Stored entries
[Start of section]
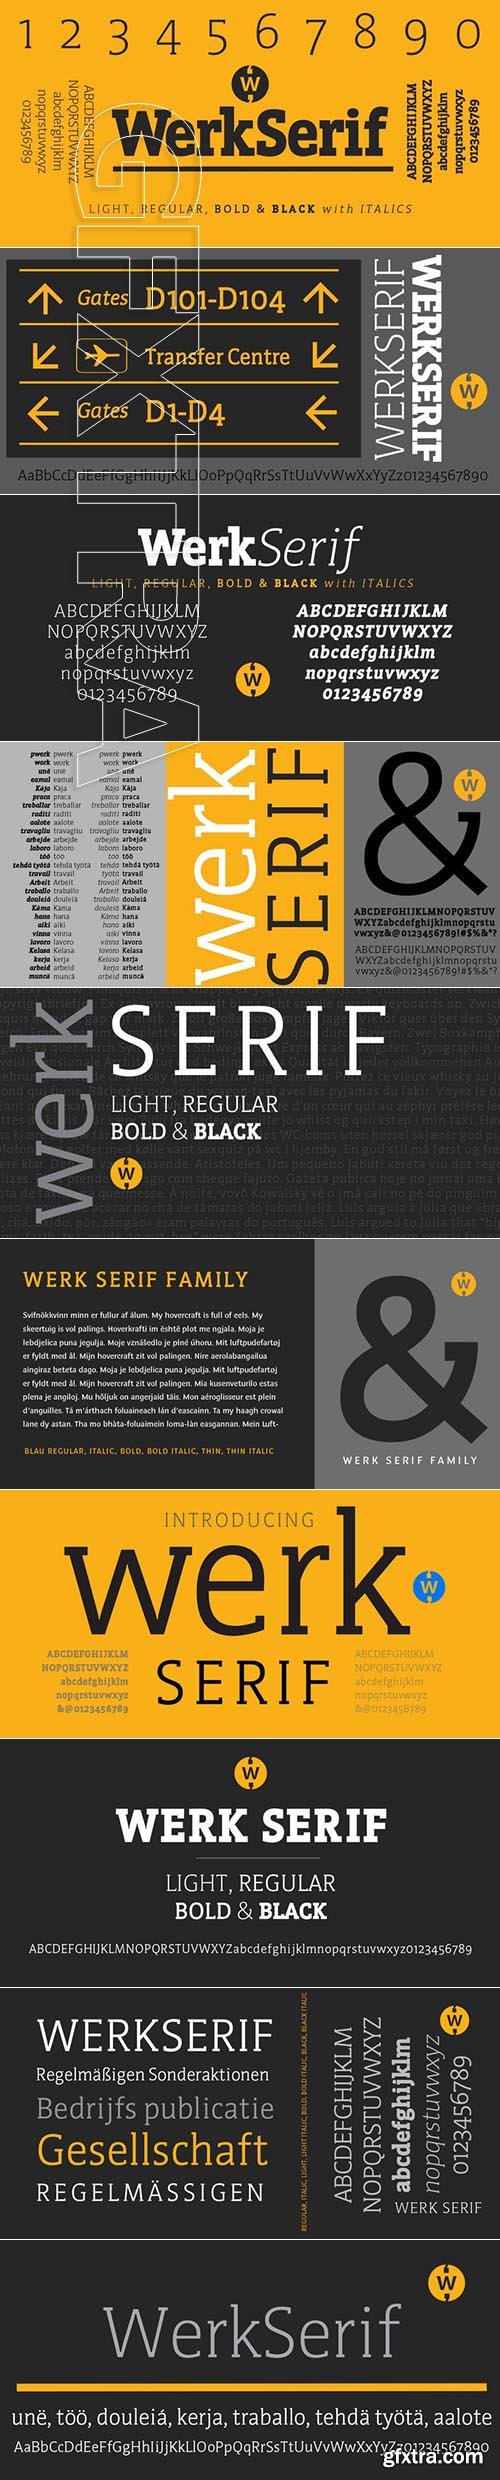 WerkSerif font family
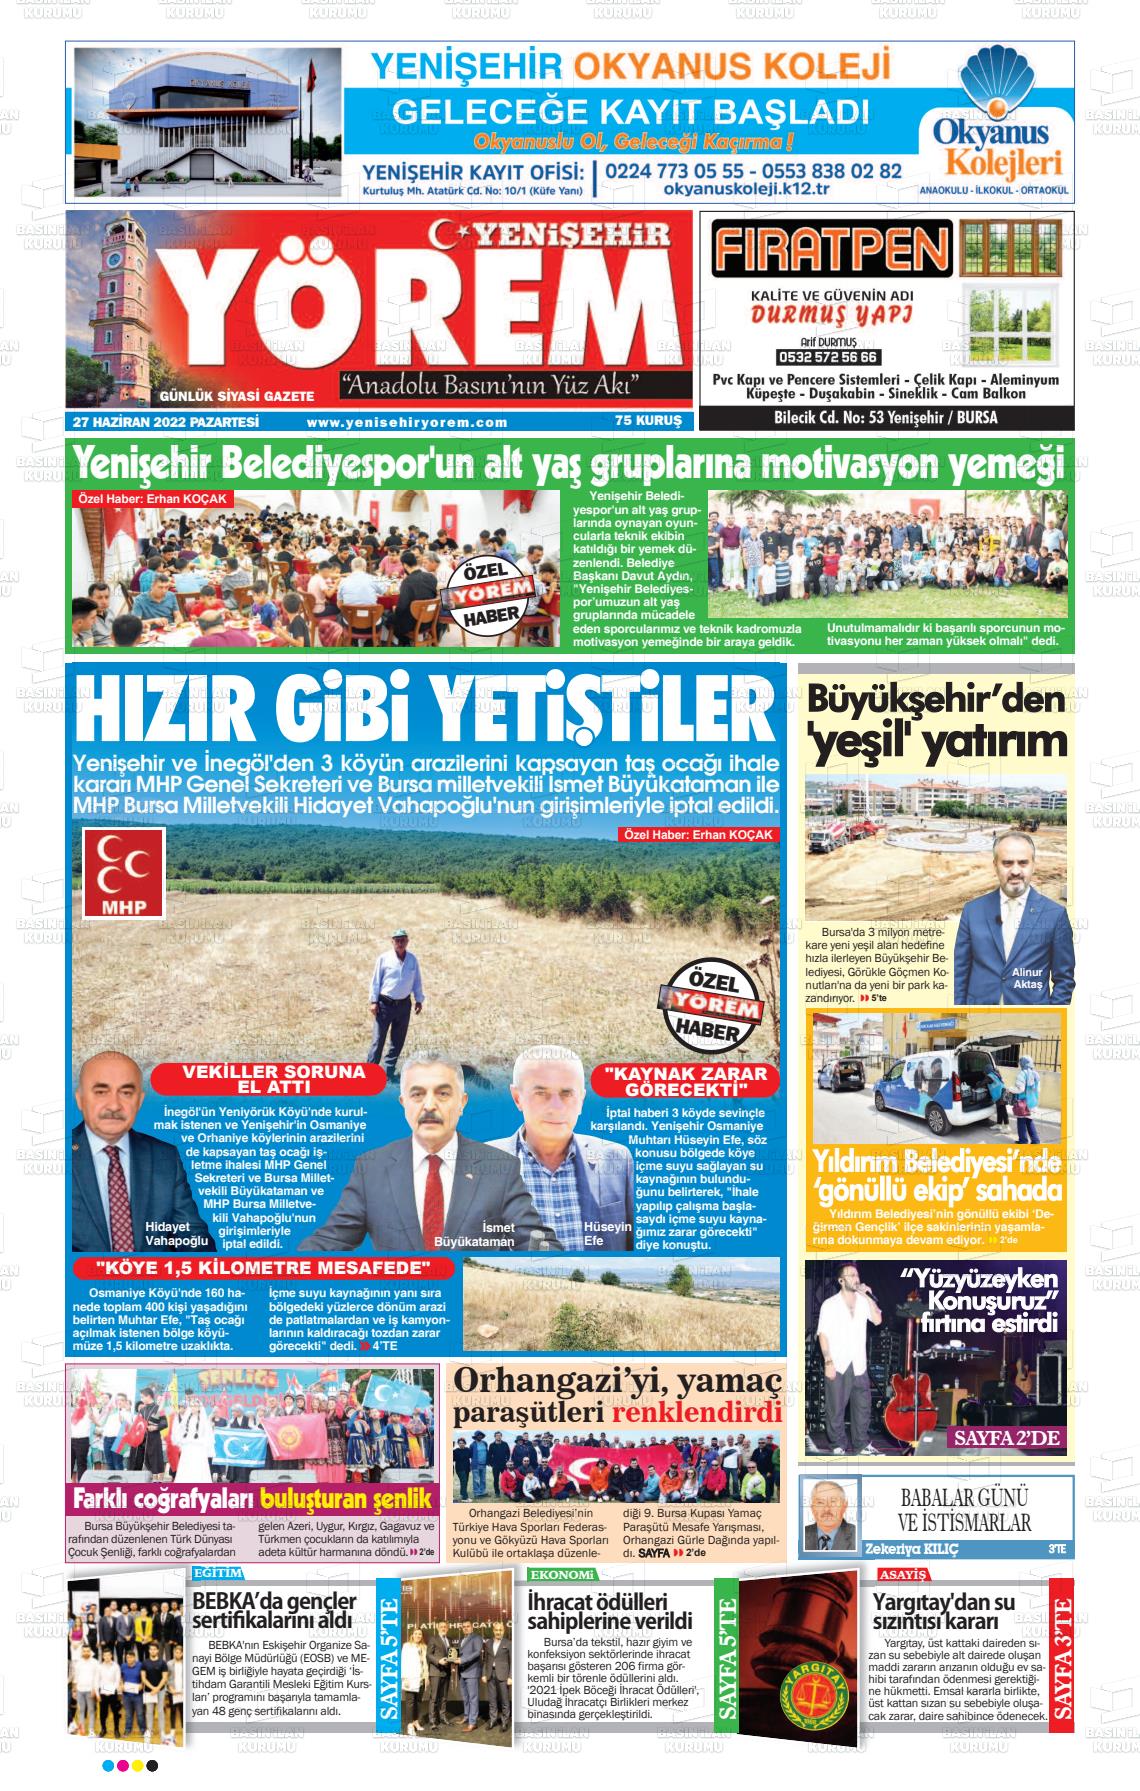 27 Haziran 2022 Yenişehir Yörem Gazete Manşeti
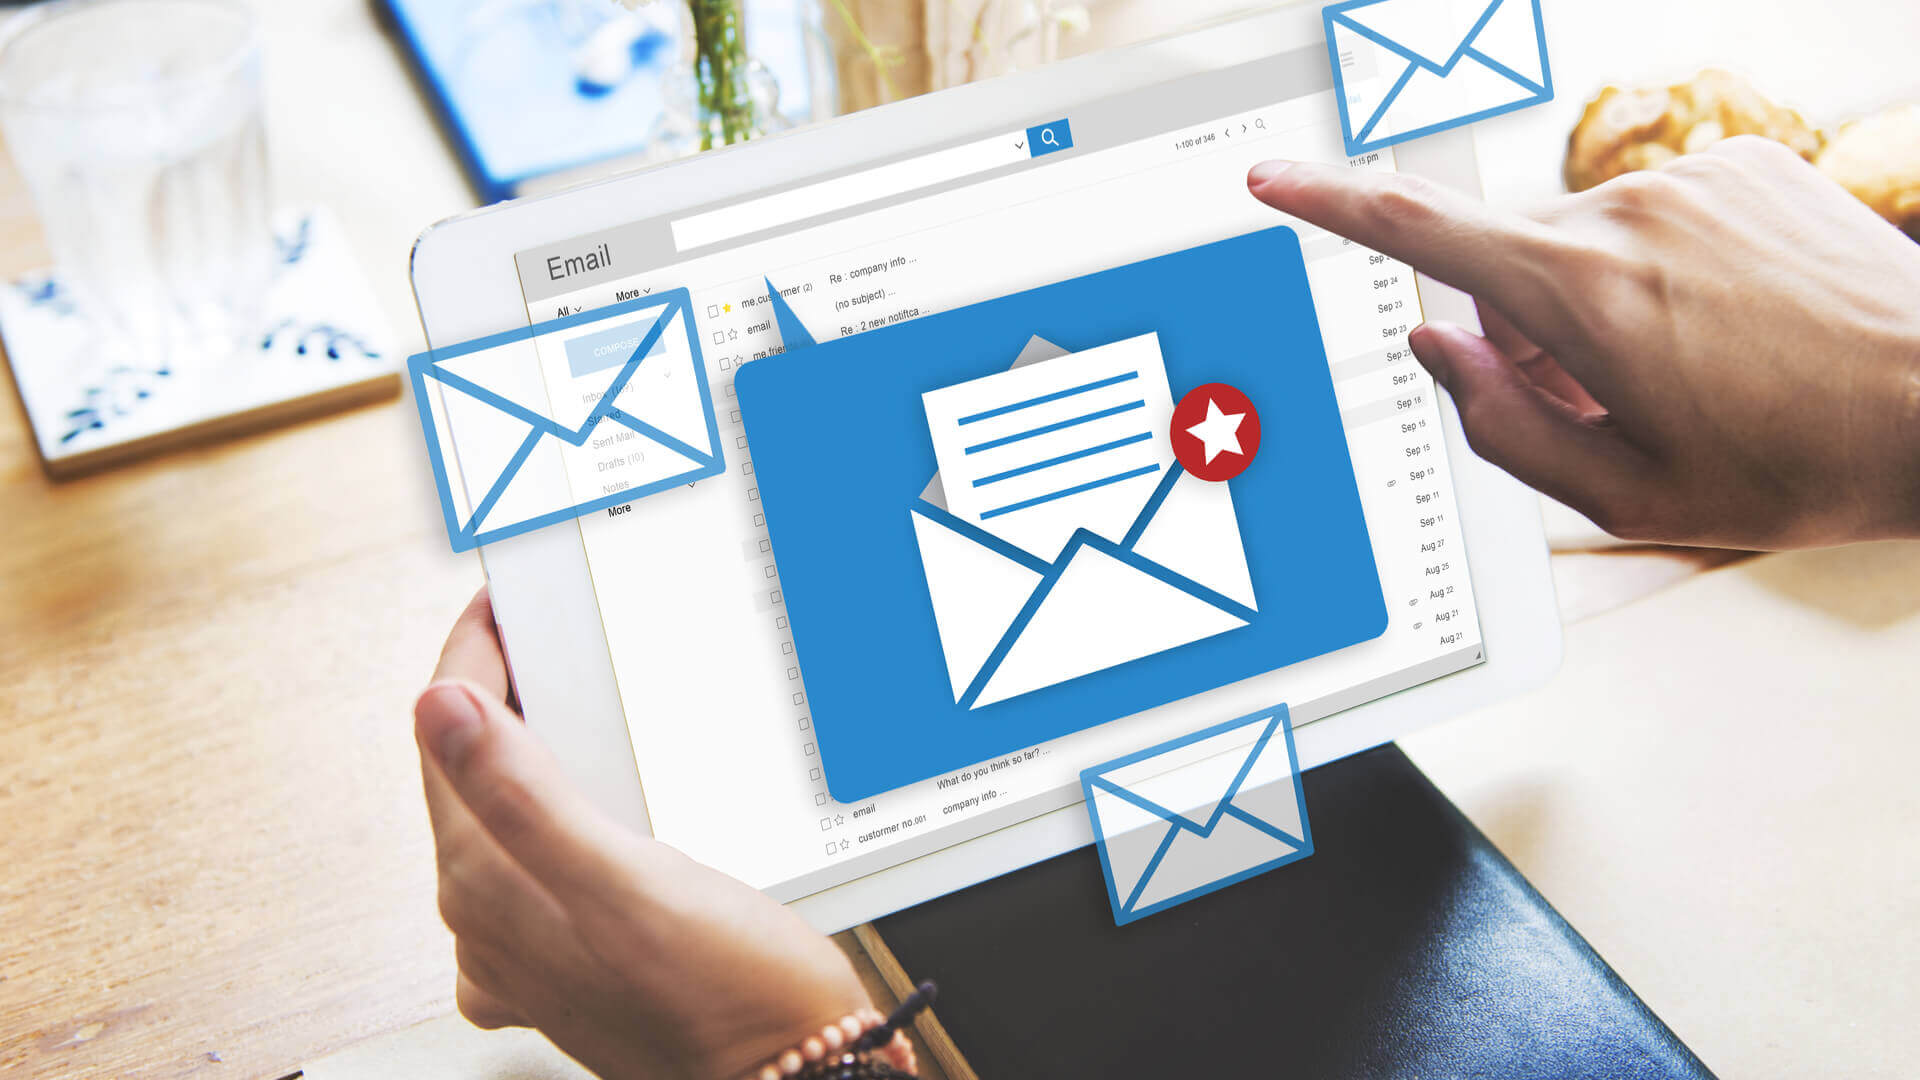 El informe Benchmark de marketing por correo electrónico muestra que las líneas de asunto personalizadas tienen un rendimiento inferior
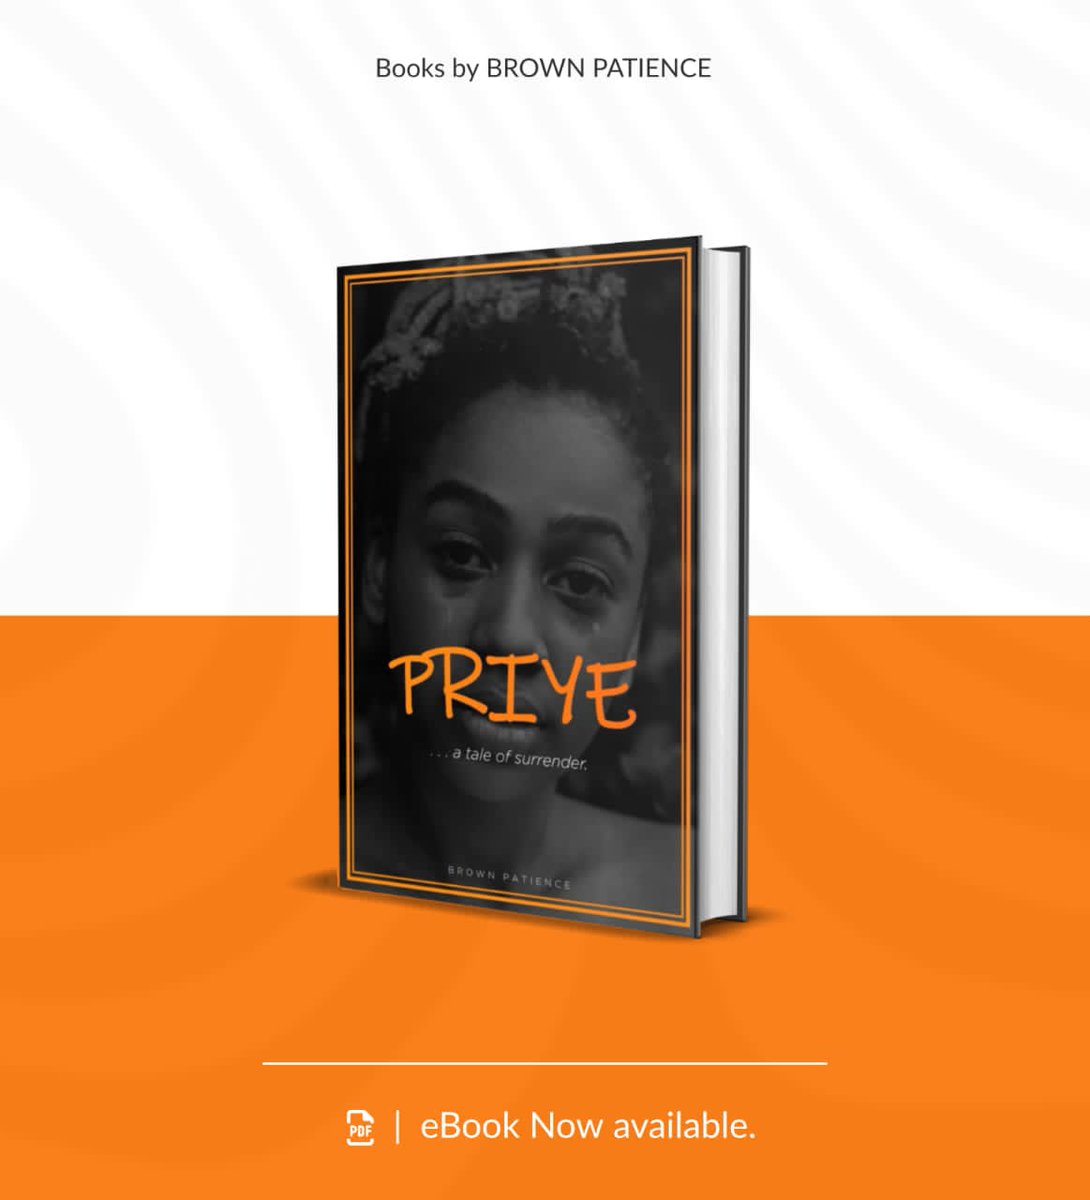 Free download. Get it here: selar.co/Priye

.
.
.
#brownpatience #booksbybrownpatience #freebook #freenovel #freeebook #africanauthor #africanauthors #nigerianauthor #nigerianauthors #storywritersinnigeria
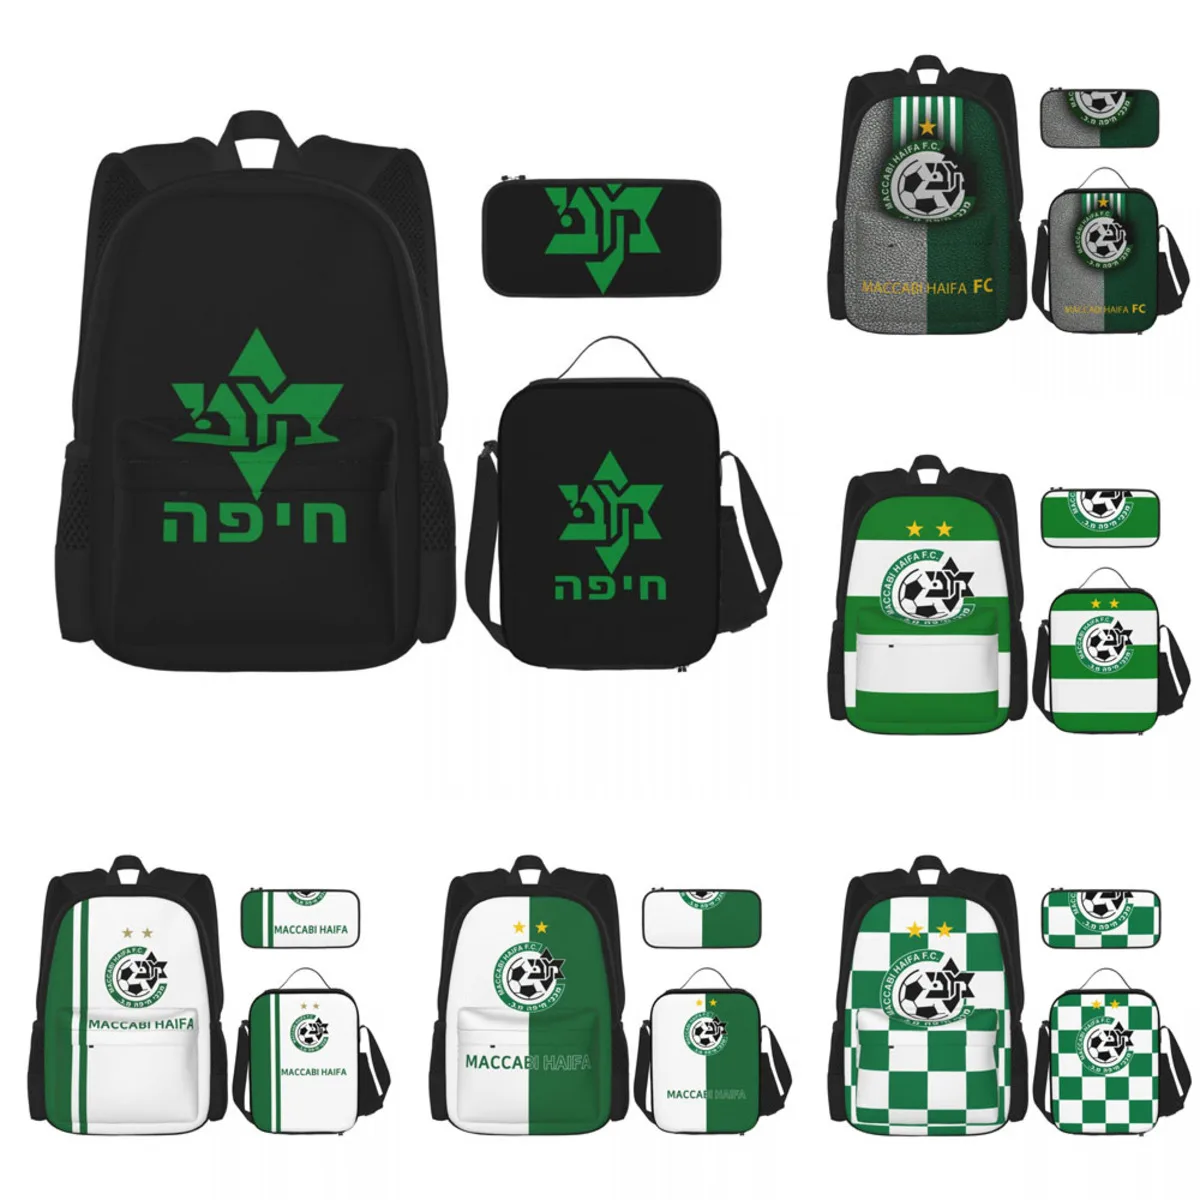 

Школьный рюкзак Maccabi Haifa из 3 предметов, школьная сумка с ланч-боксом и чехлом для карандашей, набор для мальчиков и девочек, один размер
[End of section]
WHAT IS REQUIRED
Transcribe all of the data above exactly; no picture belongs in the copy.

EXERCISE SOLUTION
 WerkSerif font family
 27 Haziran 2022 Yenişehir Yörem Gazete Manşeti
 El informe Benchmark de marketing por correo electrónico muestra que las líneas de asunto personalizadas tienen un rendimiento inferior
 Free download. Get it here: selar.co/Priye

.
.
.
#brownpatience #booksbybrownpatience #freebook #freenovel #freeebook #africanauthor #africanauthors #nigerianauthor #nigerianauthors #storywritersinnigeria

Школьный рюкзак Maccabi Haifa из 3 предметов, школьная сумка с ланч-боксом и чехлом для карандашей, набор для мальчиков и девочек, один размер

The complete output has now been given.